While crossovers of this nature reveal who the strongest heroes in the world of Marvel are, Last Emperor went one step further and imagined what would happen if these superheroes took on hip-hop’s mightiest MCs. The result is an epic two-part track that pits Hulk against Redman, RZA against Captain America and Nas against Spider-Man in the battle royale that you never knew you needed. Spoiler alert: The pen is definitely mightier than the sword.

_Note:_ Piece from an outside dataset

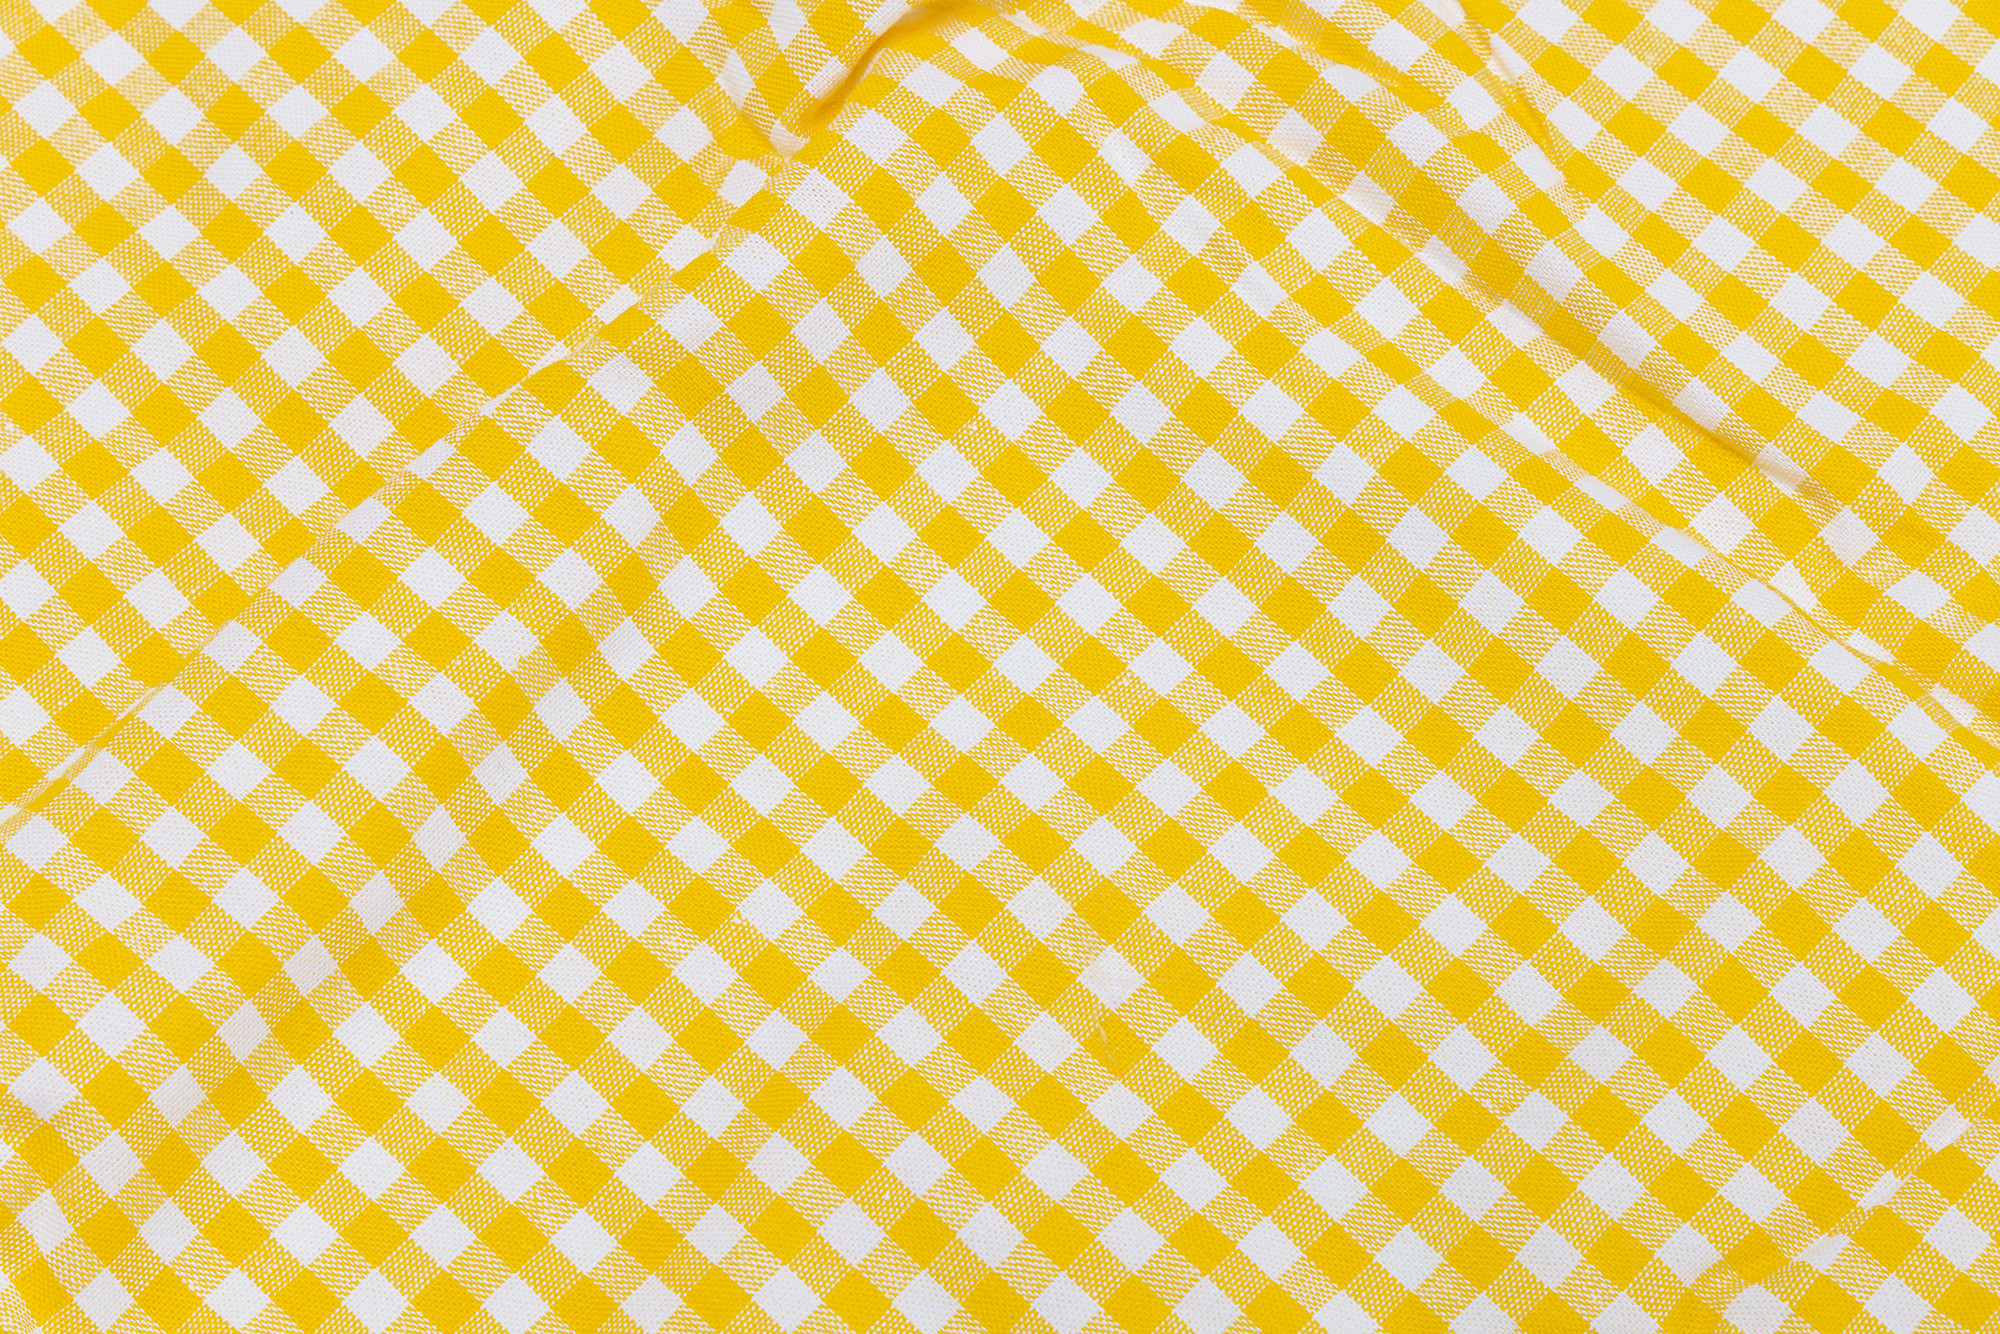 Karlie Welpenspielzeug Küken, gelb, 27x27cm inkl. Schmusedecke
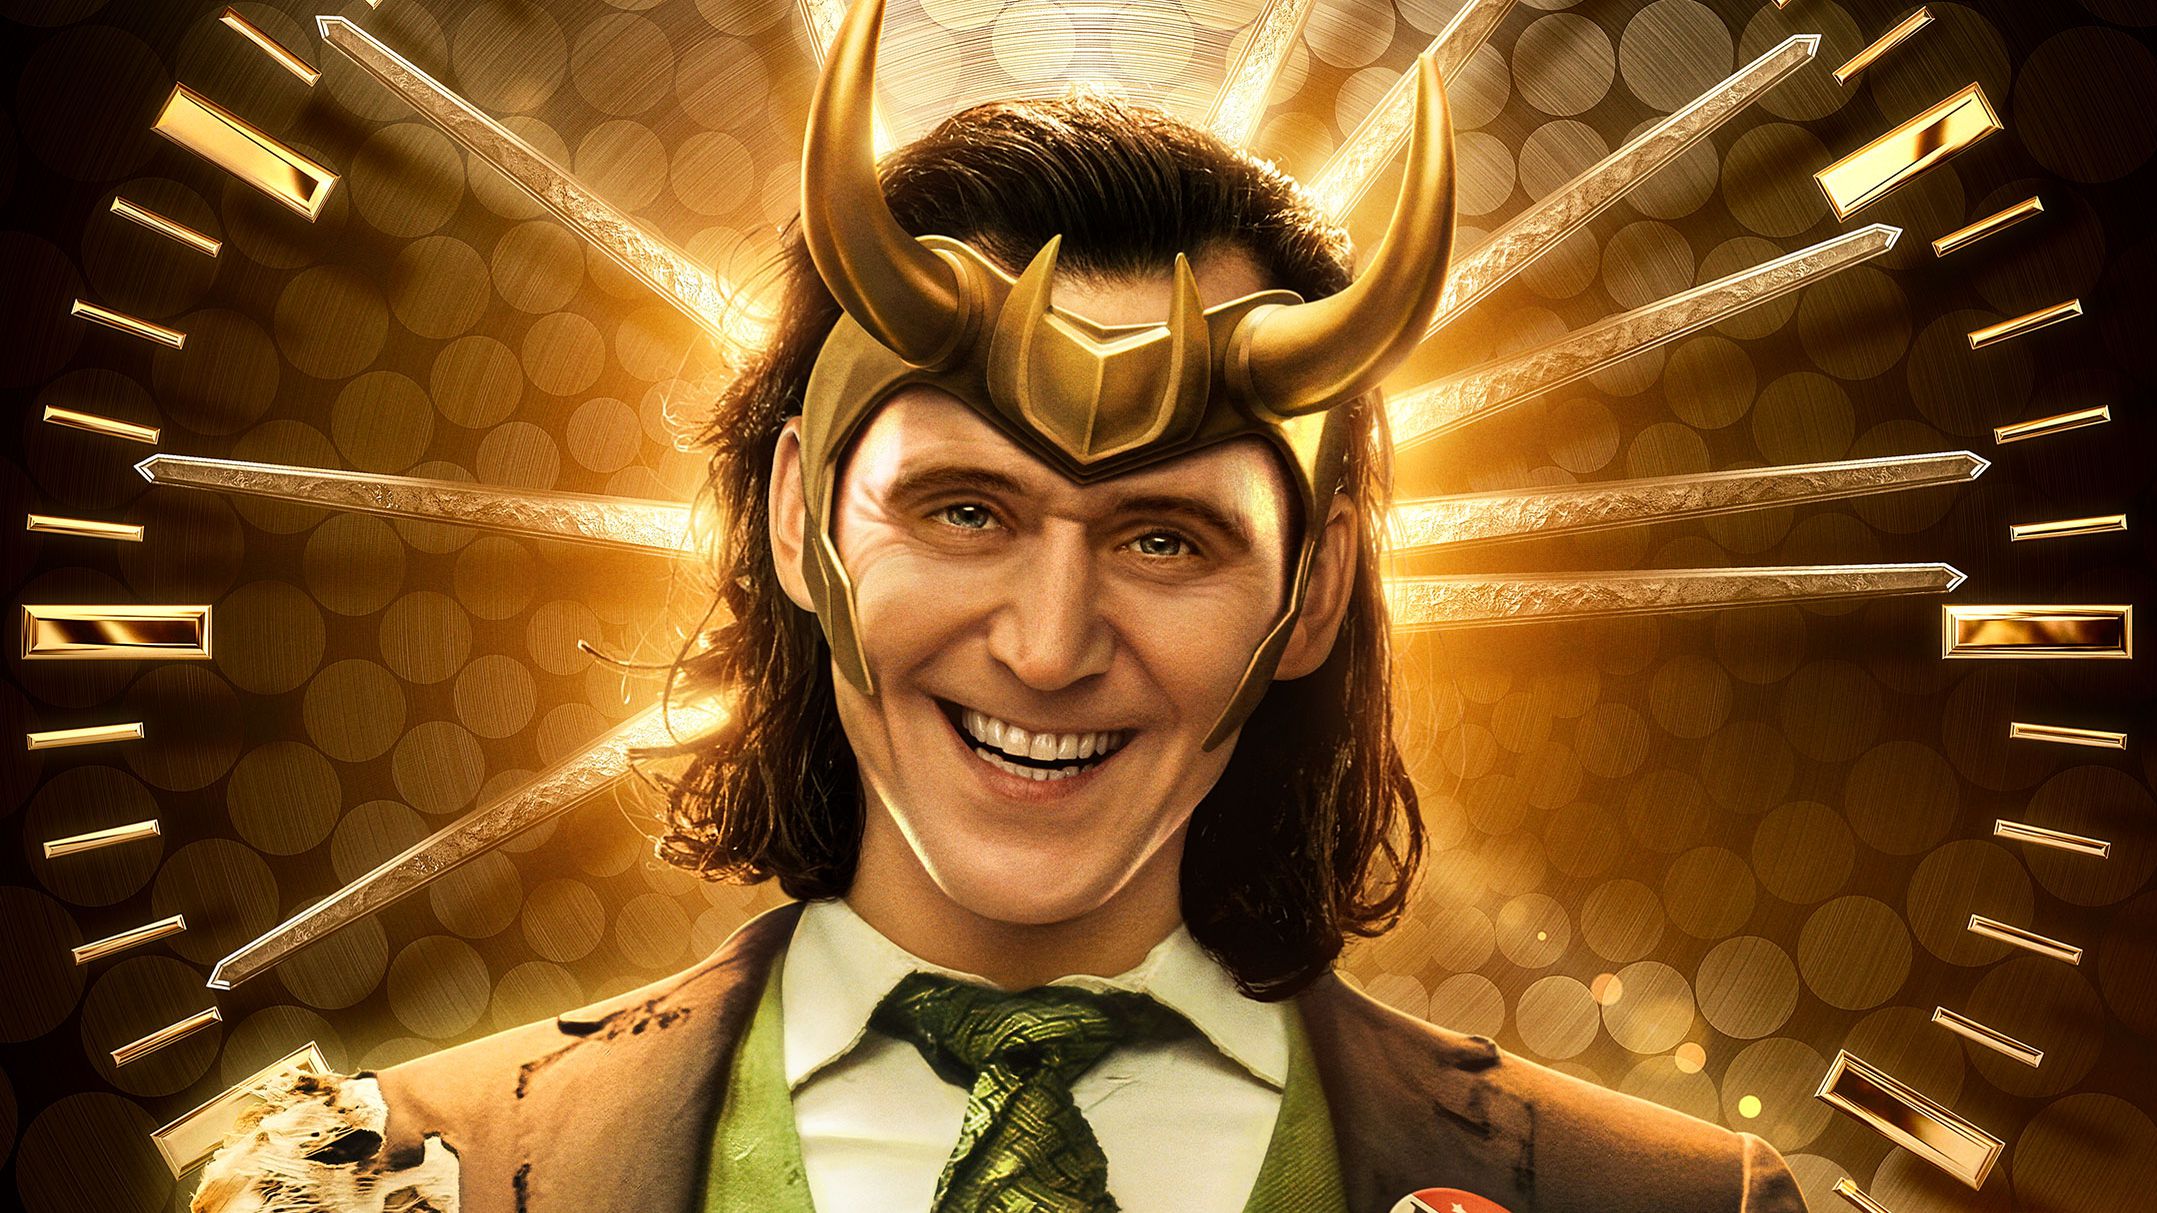 Quando vai estrear a temporada 2 de Loki? - Canaltech

Lyric: “(Doom!) In love with Mary Jane, she’s my main thing/Pulled her right from that web head, what a lame brain”
No list of Marvel-loving hip-hop stars would be complete without MF DOOM, the London-born rapper who wears a metallic mask similar to the Fantastic Four supervillain Doctor Doom.
Through his metal mouthpiece, MF Doom has dropped countless references to Marvel over the past two decades, but one of his most memorable remains this double entendre taken from the food-themed album, Mm.. Food. Referring to both Spider-Man’s love interest and his own love of marijuana, this brief mention of Mary Jane is as clever as it is ridiculous and more than deserves its own spot on the list.
Lyric: “Johnny Blaze the Ghost Rider (uhh)/Ghost stories by the campfire (uhh) We night breed (VAM-PIRE!)/Be duckin from the head rushin (uhh) Wu-Tang production (uhh)/Percussions bringin repercussions (uhh) I hold my mic sideways.”
Just like fellow Wu-Tang Clan member, Ghostface Killah, Method Man has also drawn inspiration from Marvel comics for his own alter ego.
Often going by the name Johnny Blaze, the rap legend shares this moniker with the anti-hero Ghost Rider, something which he draws reference to on this track taken from his second album, Tical 2000: Judgement Day.
16 years later, Method Man’s love for the supernatural hero only grew further, to the point where Marvel even hired him to write a X-Mas special starring Ghost Rider in December 2016. For this issue, Method Man ignored iconic Ghost Rider villains like Nightmare or Black Heart in favor of Krampus, the Scandinavian demon who punishes naughty children at Xmas. While it’s a fun story, don’t hold your breath for a Hollywood adaptation of Method Man’s foray into Marvel comics.